X_train, X_test, y_train, y_test = train_test_split(X, y, test_size=0.2, random_state=42)

# --------------------------------------------------------------------------------
# 2. Feature Importance 계산 (SHAP 방식 + XGBoost GPU)
# --------------------------------------------------------------------------------
print("Calculating Feature Importance using SHAP with XGBoost...")
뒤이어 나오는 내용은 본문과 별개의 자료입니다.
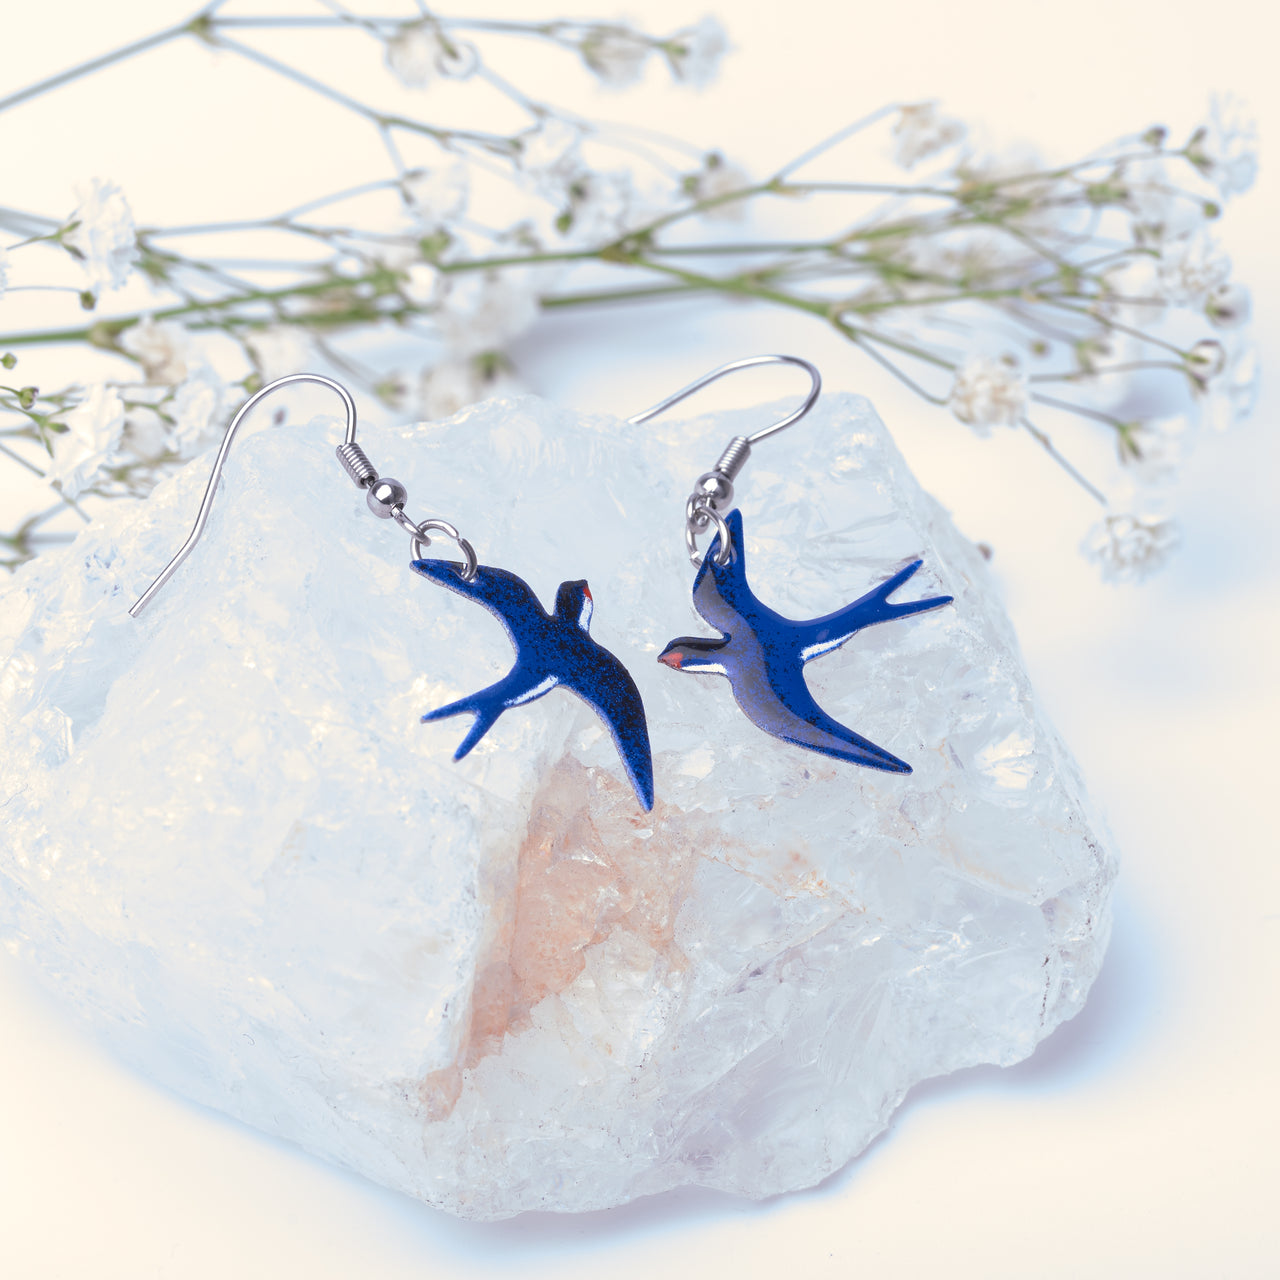 a pair of blue handmade swallow earrings are resting on a crystal

# [수정됨] 최신 XGBoost 문법 적용 (안전한 설정)
# GPU가 있으면 쓰고, 없으면 알아서 CPU로 돕니다.
xgb_for_shap = XGBClassifier(
    random_state=42,
    tree_method='hist',       # 최신 버전 표준 (빠름)
    device='cuda',            # GPU 사용 (T4 감지)
    eval_metric='logloss',
    use_label_encoder=False,
    verbosity=0
)

# 학습 시도 (GPU 에러 발생 시 CPU로 자동 전환하도록 try-except 처리 안함, 최신버전은 device='cuda'로 해결됨)
try:
    xgb_for_shap.fit(X_train, y_train)
except Exception as e:
    print(f"GPU Init failed, falling back to CPU: {e}")
    xgb_for_shap = XGBClassifier(random_state=42, n_jobs=-1)
    xgb_for_shap.fit(X_train, y_train)

# SHAP 계산
explainer = shap.TreeExplainer(xgb_for_shap)
shap_values = explainer.shap_values(X_test)

# SHAP 값 처리
if isinstance(shap_values, list):
    feature_importance_vals = np.abs(shap_values[1]).mean(axis=0)
else:
    feature_importance_vals = np.abs(shap_values).mean(axis=0)

feature_names = X_train.columns
feature_importance_list = sorted(zip(feature_importance_vals, feature_names), reverse=True)

# --------------------------------------------------------------------------------
# 3. 정렬된 Feature 목록 출력
# --------------------------------------------------------------------------------
print("\n[Feature Importance Ranking (SHAP via XGBoost)]")
print(f"{'Rank':<5} | {'Feature Name':<30} | {'SHAP Importance':<15}")
print("-" * 60)

for idx, (score, name) in enumerate(feature_importance_list):
    print(f"{idx + 1:<5} | {name:<30} | {score:.5f}")

sorted_features = [name for score, name in feature_importance_list]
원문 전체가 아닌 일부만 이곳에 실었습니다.